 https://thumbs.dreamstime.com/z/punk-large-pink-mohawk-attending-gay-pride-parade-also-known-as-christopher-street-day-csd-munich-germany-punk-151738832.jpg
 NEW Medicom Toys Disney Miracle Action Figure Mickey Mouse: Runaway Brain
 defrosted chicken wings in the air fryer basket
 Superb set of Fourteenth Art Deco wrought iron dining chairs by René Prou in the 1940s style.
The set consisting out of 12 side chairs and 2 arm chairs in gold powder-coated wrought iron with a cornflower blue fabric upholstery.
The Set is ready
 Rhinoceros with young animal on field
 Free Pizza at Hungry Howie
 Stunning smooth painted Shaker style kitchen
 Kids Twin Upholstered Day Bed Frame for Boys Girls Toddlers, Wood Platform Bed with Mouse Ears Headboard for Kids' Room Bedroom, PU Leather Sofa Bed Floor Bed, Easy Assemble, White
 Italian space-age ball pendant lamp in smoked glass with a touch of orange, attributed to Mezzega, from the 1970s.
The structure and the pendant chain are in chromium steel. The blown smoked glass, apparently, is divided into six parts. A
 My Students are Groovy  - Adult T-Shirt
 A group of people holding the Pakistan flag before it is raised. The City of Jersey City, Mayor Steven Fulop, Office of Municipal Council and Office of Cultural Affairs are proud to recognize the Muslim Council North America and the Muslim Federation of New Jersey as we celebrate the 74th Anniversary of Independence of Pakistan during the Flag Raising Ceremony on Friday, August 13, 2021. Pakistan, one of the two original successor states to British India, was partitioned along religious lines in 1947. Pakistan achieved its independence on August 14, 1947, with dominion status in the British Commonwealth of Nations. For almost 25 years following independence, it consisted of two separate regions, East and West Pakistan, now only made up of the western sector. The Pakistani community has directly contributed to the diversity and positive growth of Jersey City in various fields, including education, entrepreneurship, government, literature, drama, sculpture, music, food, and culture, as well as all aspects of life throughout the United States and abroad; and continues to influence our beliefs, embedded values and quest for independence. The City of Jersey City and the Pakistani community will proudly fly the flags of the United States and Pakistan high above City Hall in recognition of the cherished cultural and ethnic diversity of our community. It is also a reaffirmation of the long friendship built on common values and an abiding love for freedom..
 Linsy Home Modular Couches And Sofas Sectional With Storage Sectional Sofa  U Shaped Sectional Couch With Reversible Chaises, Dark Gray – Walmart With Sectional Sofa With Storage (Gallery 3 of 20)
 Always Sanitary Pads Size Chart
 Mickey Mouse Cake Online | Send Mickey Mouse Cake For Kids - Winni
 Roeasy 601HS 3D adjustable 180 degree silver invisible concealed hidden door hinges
= = = =
Scan the data above, find each line with "Mouse", and copy it.

Answer section:
 NEW Medicom Toys Disney Miracle Action Figure Mickey Mouse: Runaway Brain
 Kids Twin Upholstered Day Bed Frame for Boys Girls Toddlers, Wood Platform Bed with Mouse Ears Headboard for Kids' Room Bedroom, PU Leather Sofa Bed Floor Bed, Easy Assemble, White
 Mickey Mouse Cake Online | Send Mickey Mouse Cake For Kids - Winni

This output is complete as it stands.